The reporting levels along with the allocations within the entire network are usually interpreted through the PQ triangle [9], in which time and space compression are concepts of high importance when monitoring PQ. Time compression implies reducing one time-series to a number and usually converts one unit (e.g., Volts) into another different unit (e.g., root mean square - RMS). Space compression consists of the reduction of the same measurement taken from several locations at the same level (e.g., site index) with the goal of characterizing an area (e.g., feeder index) within a microgrid, or a prosumer in a nanogrid. The proposed method for massive data acquisition and representation may consist of scheduled data acquisition and processing data and can be applied on a nanogrid. Given a time window of length Δt, the M time-series of measurements are compressed in the time domain, as each N-point register is reduced to a single data point in the 2D space. The statistic versus statistic representation allows a better understanding of the system’s dynamic, as the evolution of the vector indicates the energy fluctuation. Depending on the total elapsed time (multiple of Δt), the trajectory accounts for PQ or reliability operation.

The proposed unified PQ index is calculated via (1), in which the averaged differences among the measurements s_ij and the ideal values ${\widehat{s}}_j$ (associated with a healthy power-line signal) of the statistics are computed.

$$P{Q}_{\mathsf{\Delta }t}=\frac{{\displaystyle \sum _{i=1}^M{\displaystyle \sum _{j=1}^N\left|s_{ij}-{\widehat{s}}_j\right|}}}{M}.$$

(1)

The role of this index consists of monitoring the energy state within transactions between the actors in the system under normal operating conditions, i.e., the role of the monitoring system is to check if contractual conditions are fulfilled (e.g., frequency, voltage levels) to guarantee an adequate power supply that outperforms the management capability of the nanogrid.

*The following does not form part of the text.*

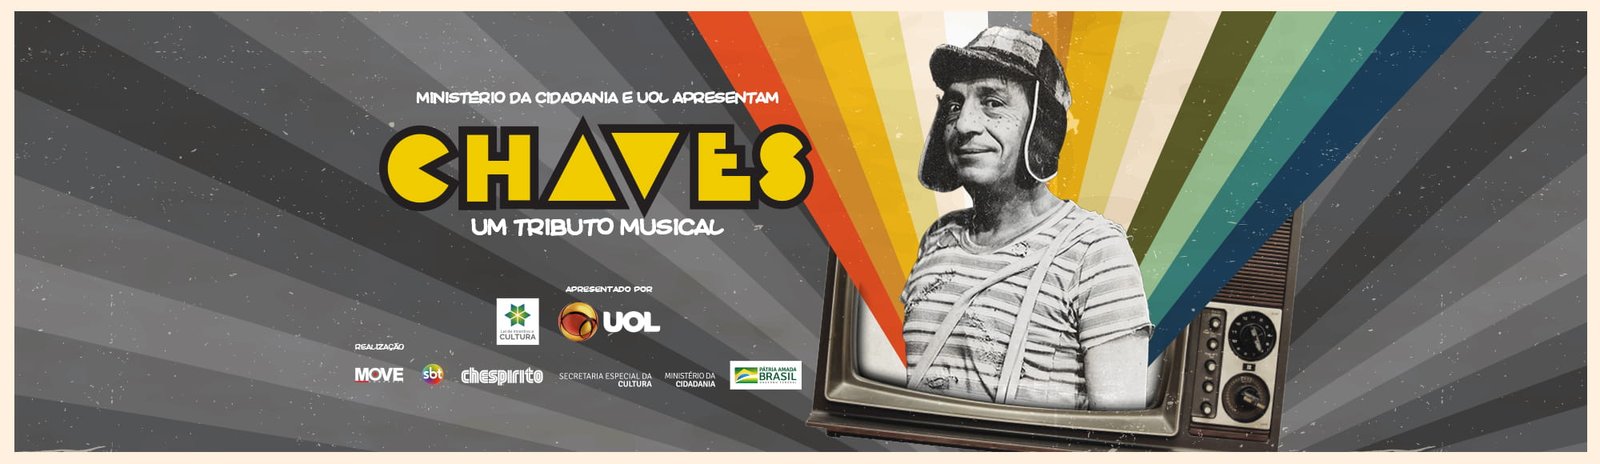 musical chaves - Veja o esquete de abertura do Musical de Chaves

This strategy is an approximation to match PQ and energy forecasting data so as to enable adequate supply, i.e., to perform a forecast when the energy can be supplied or when the supply is most convenient (Figure 2). Hereinafter, we show the performance of real-life instrumental examples within a week measurement campaign.

3. Demand Response by Means of Smart Appliances

In order to test the effectiveness of the most common DR techniques, a control platform composed of four blocks has been proposed, that collects and exchanges information, aiming to minimize the demand peaks and, therefore, to reduce the electricity bill by means of the DLC. Figure 3 refers to the architecture of the proposed platform, in which the core application developed with LabVIEW is in charge of processing the data provided by the rest of subsystems.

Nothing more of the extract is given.